Although, doing just one of these treatments will be sure to be an improvement, hitting all bases will definitely give you an experience you haven’t had before and you can say goodbye to crunchy strands that just don’t stay smooth.
You will get the experience of a totally different head of hair than you walked in with. Getting rid if tangles can happen in one appointment. Most of the time it is a hair journey we embark on, changing the shampoo and conditioner, changing the habits and amount of heat used, finding the right brush that won’t cause breakage, adding simple adjustments to get a quicker style that lasts.
- Keep your scalp and hair dry. wet hair is weak and contributes to tangles
- Regularly remove minerals ( salt, copper, iron, calcium) from the hair; 1x a week
- Detox the hair and scalp of build up and chlorine; treatments 1x bimonthly
- Make sure your products are around 4.5-5.5. The cheaper they are, the higher the Ph. If you don’t know, ask or use a Ph strip, better yet, ask your stylist
- Treat your hair, don’t ignore it. If you do, it will tangle, then break and never grow longer. If you want to ignore it go short.

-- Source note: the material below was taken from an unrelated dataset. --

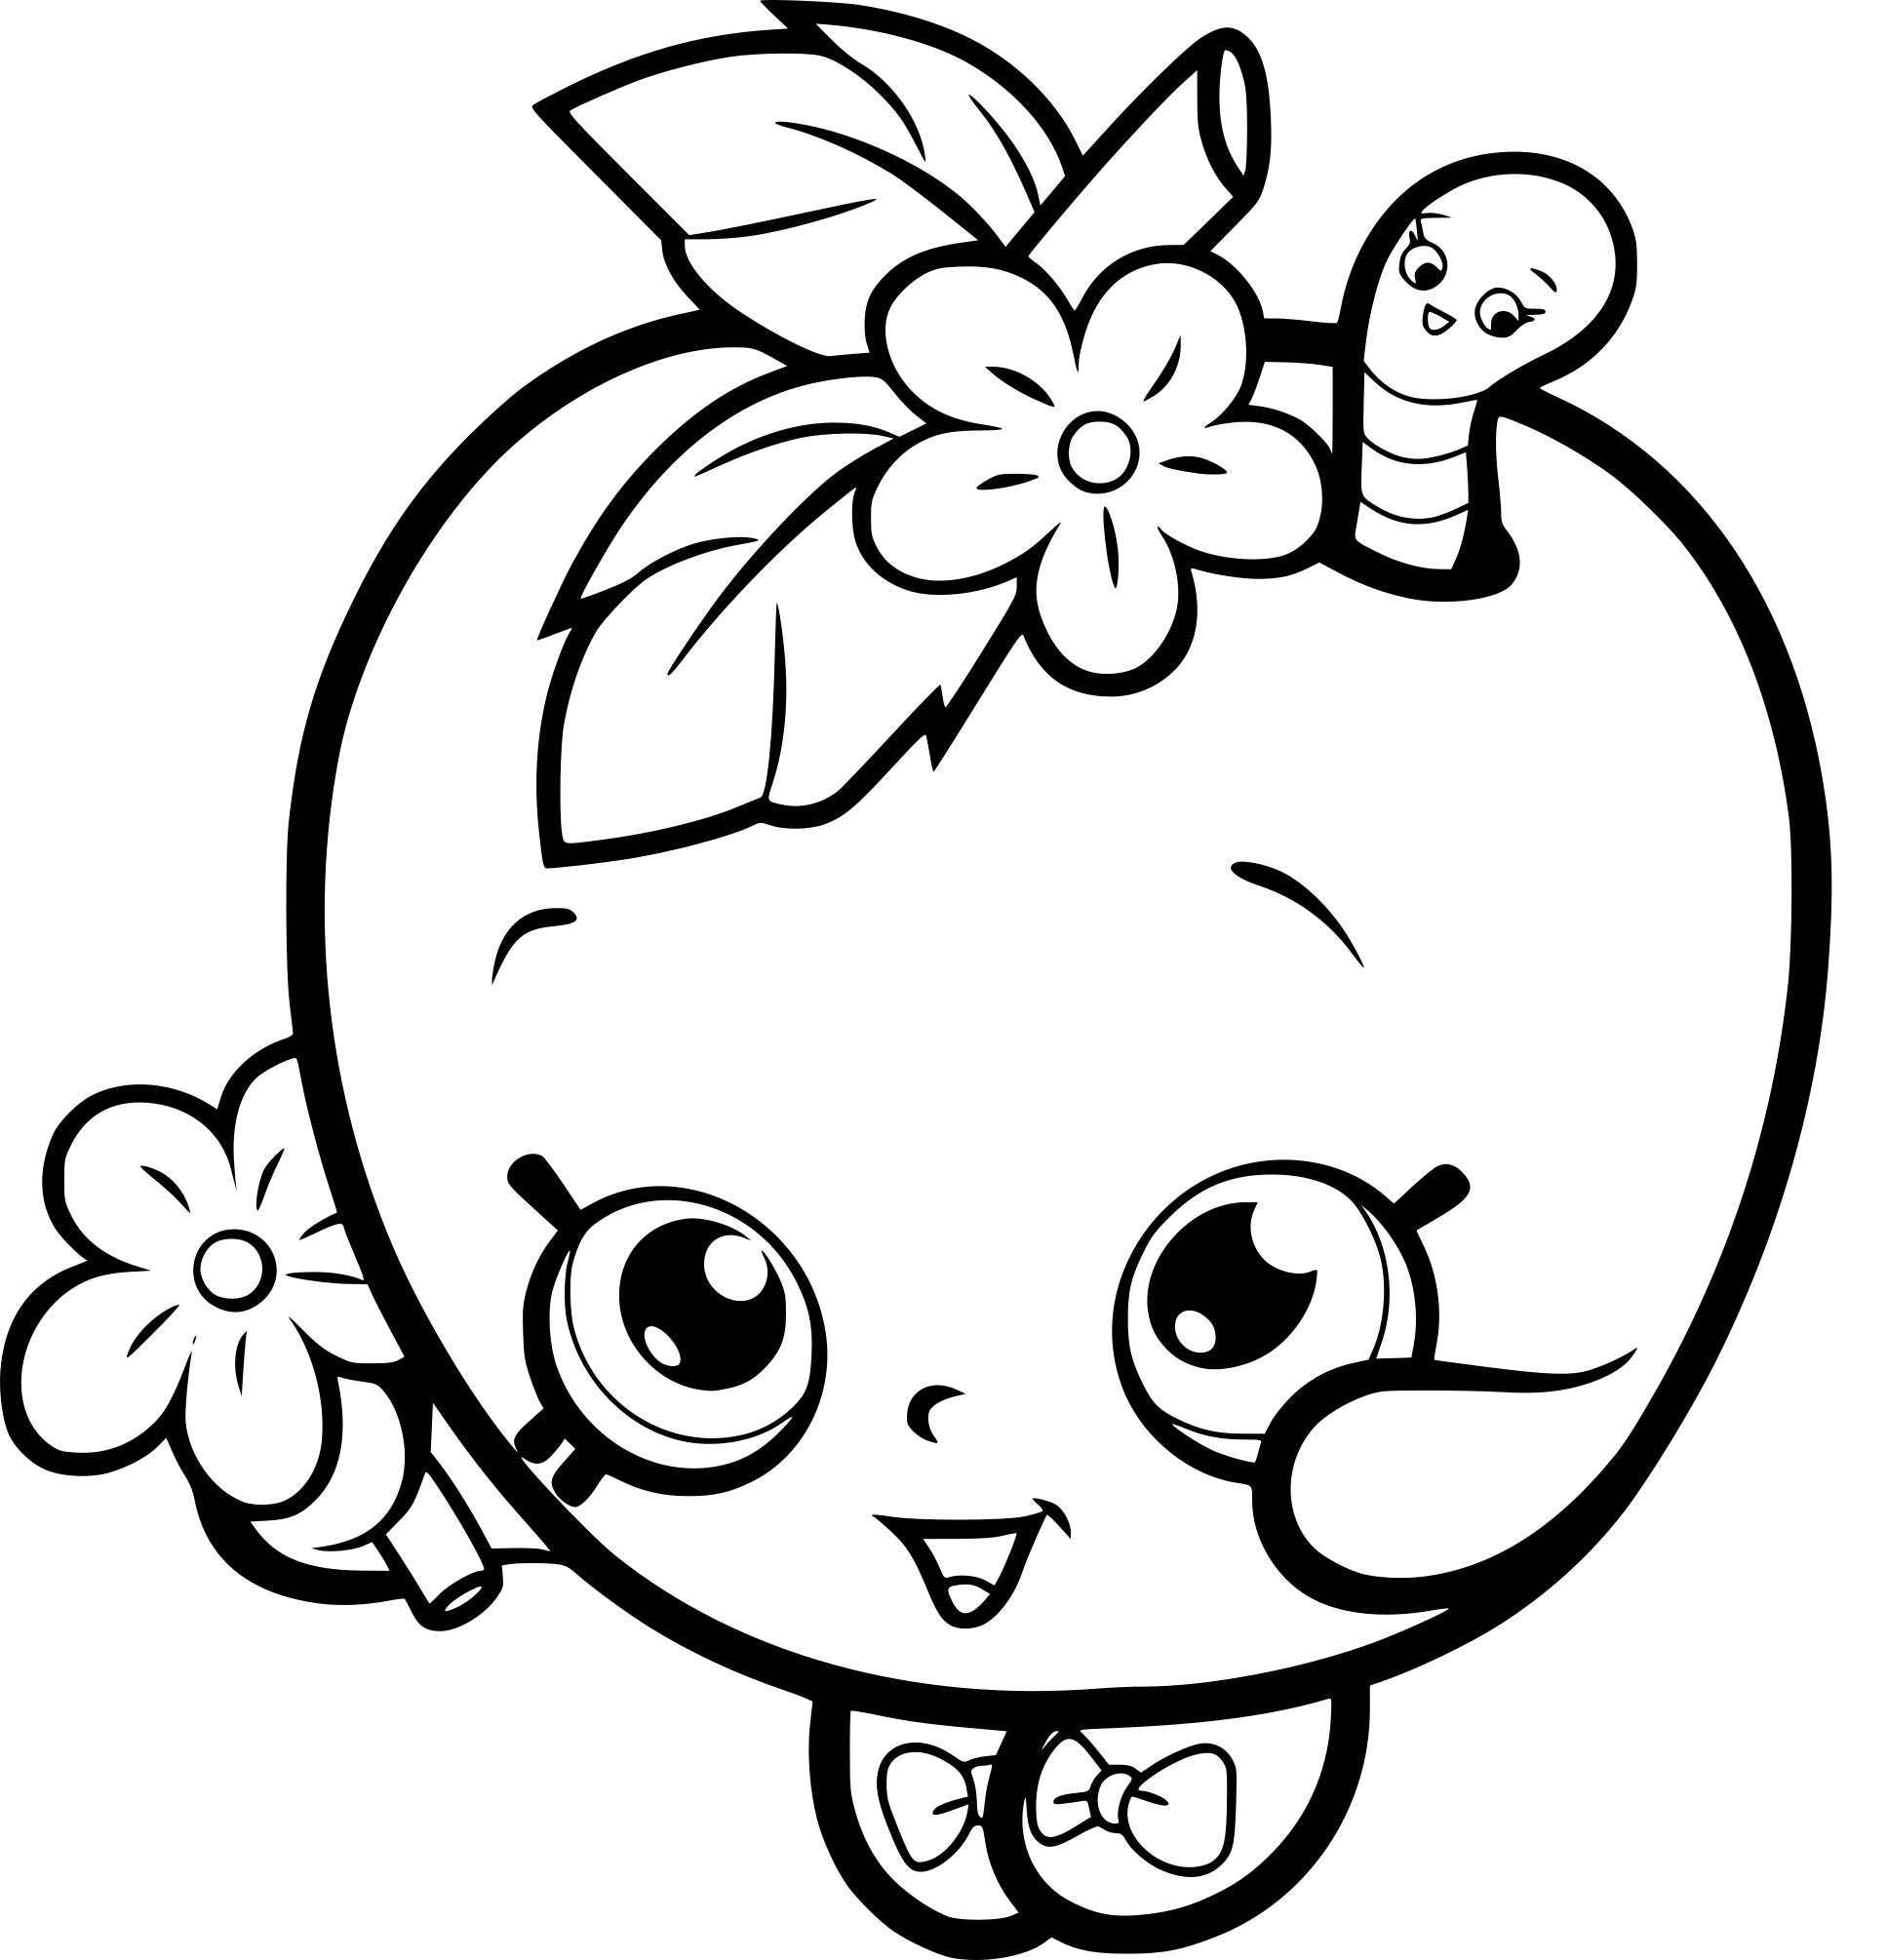 Coloriage shopkins pomme verte imprimer gratuit - Dessin pomme a colorier ...

- Tangles come from minerals and buildup, weakened hair… these are fixable, until its too late… don’t wait until its too late
- Get a shower filter, if you can, that filters copper and iron (less expensive ones won’t, you’ll find the correct ones $150 and up)
- Use lower heat. Heat is still good for the scalp health and drying should be done to keep the hair fabric strong.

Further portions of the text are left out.